“He really was an enchanting person. In some way he was like the spiritual father of everybody…. It is hard to imagine Central Park without Charles Kennedy.” Marie Winn, author of Red-tails in Love, and close friend of Charles, remembering him after his death in October 2004

Sunday, January 24, 2010

All that jazz

Last week I picked up some new jazz CDs.  The most prized among the finds is "Monk Alone: The Complete Columbia Solo Studio Recordings 1962-1968."  Most prized on two counts: 1. I love Monk's music and this is a two-CD set of fascinating material. 2. It was Charles who turned me on to Monk. I still have the Monk's Greatest Hits LP Charles sent me when I was beginning to swing toward a preference for jazz. Charles had been a jazz fan since his teen years as well. Then he heard the great players at clubs in NYC, when Bop was sharing the bandstand with Cool. Charles was our long-distance chief fan and cheerleader as my brother and I began to play small jazz gigs around Cedar Rapids.  Charles, Deb and I made pilgrimage-style strolls down Manhattan's Thelonious Sphere Monk Circle. When Charles began to write in earnest, jazz and other musical references permeated his pieces.

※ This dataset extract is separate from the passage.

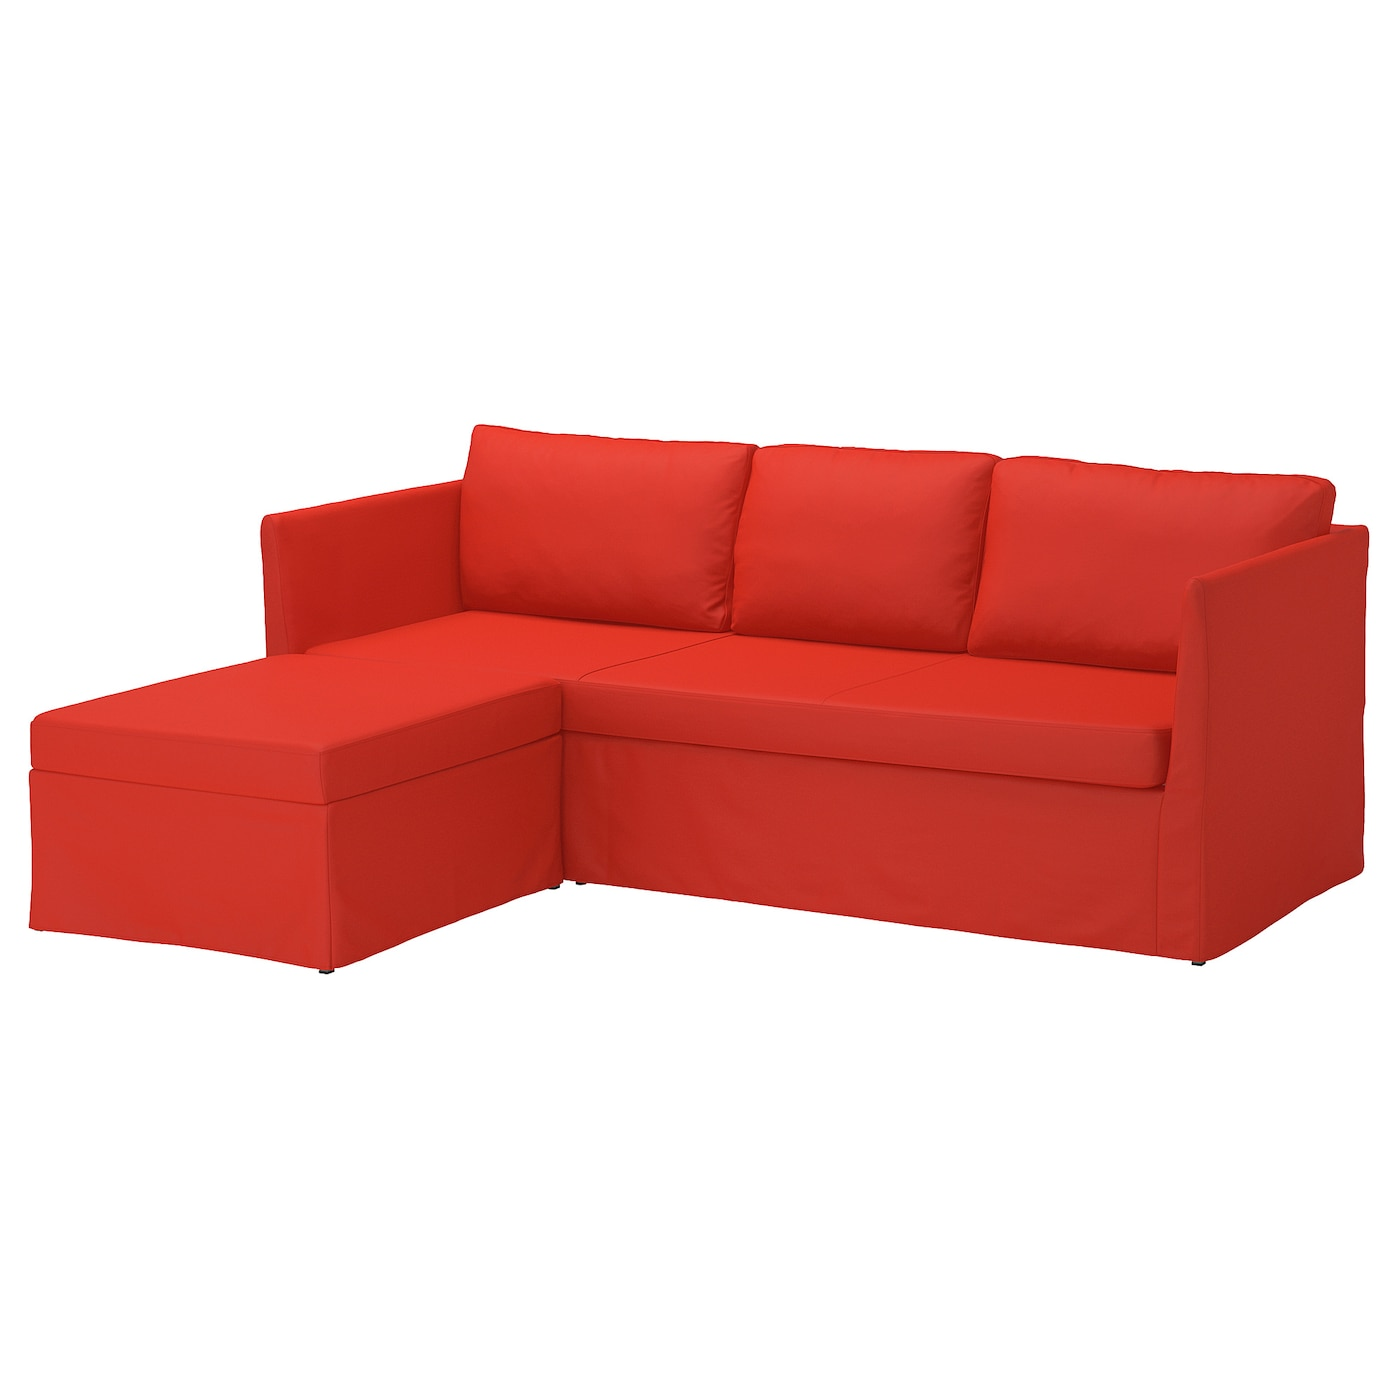 Ikea BrÅthult Cover For Corner Sofa

So, here is Charles Kennedy's  "Spider Songs."  This piece appears in The Fish Jumps Out of the Moon and is part of an (as yet) unpublished photo-essay book Charles compiled about the butterfly vivarium at the American Museum of Natural History in NYC.  It has a "haibun" form, more or less, wherein a story is told by way of prose which is wrapped around integrated haiku.Charles is at his magical, musical best when he weaves many of his passions together, as he does here; bugs, dogs and cats, photography, haiku, music, and whimsy. Enjoy!

Spider Songs

     I was sitting in a bookstore one afternoon thinking about whether I believed or not that snowflakes make such a cacophony on the Hudson River that it is deafening to the eels; well, I suspect that it may at least be uncomfortable for them.  At that thought I slapped my forehead, realizing that I had answered a poetic conundrum that I had been struggling with for more than a year.

I can’t hear them
damn— I’ll never hear them
spider songs

     Here are some of the people that sing spider songs to me.  First, the spider mic would be handed to Anita O’Day, who would sing “A Nightingale Sang In Barkley Square,” and then “Georgia.”  (I know a great story about what happened to her uvula.)  Also Ella, Billie, even a punk kid named Norah Jones.  ( Do you believe--Ravi Shankar is her father?)  Chet Baker would come back and sing and blow that magic spider trumpet, but the group best prepared to sing spider songs would probably be Lambert, Hendricks, and Ross.  Pure glorious jazz.  But so many would sing great spider tunes if they were properly asked.

     Fool.  Spiders don’t sing.  I mean, maybe they do, but I have just now quit the game of listening for spider vocals, although clearly they are the jazziest of all the invertebrates.  Of the avians in North America, well , Central Park, anyway, Catbirds are the Jazz Birds, even though the evening song of the Robin is hauntingly inventive.  Of our satellite mammals, what is more musically celebratory than a good howling dog? (I did have  a cat, Rainbow, who sang riffs to “Summertime.”  She was a natural coloratura.) Anyway, sometimes Lord God Dog and I howl together.  Not as much as we used to, though.  He is a harsh judge, it seems, of my talent.  He’s terrific, though.

     Now to what it really is.  I thought it was about Duke and Thelonious and those guys, but it’s not.  It’s Chopin!  I insist that you go out in the evening and listen for yourself. They all play Chopin, at least the orb web weavers do.  Really!  (Some it’s said, hum along.  I’ve never heard that, but I have heard Lionel Hampton do heavy humming and Glenn Gould was famous for humming, but that was Bach.)
     I’ve never played Chopin for a spider, not yet.  It would be easy to carry in a small recorder to where Araneus Diadematus was building her deadly auditorium for the night. 

the spider
sips its moth
night continues

     The cute idea would be to play Chopin’s “Nocturnes,” but I’d want to play his Etudes for her.  I’ve implied that this orb weaver already knows Chopin but I don’t know for sure.  Anyway, you must sit here and watch her weave that web and you’ll see why I believe that spiders know Chopin.  It’s so, well, musical sitting here watching Diadematus sing and dance.
     And that tunnel weaver over there--Wagner!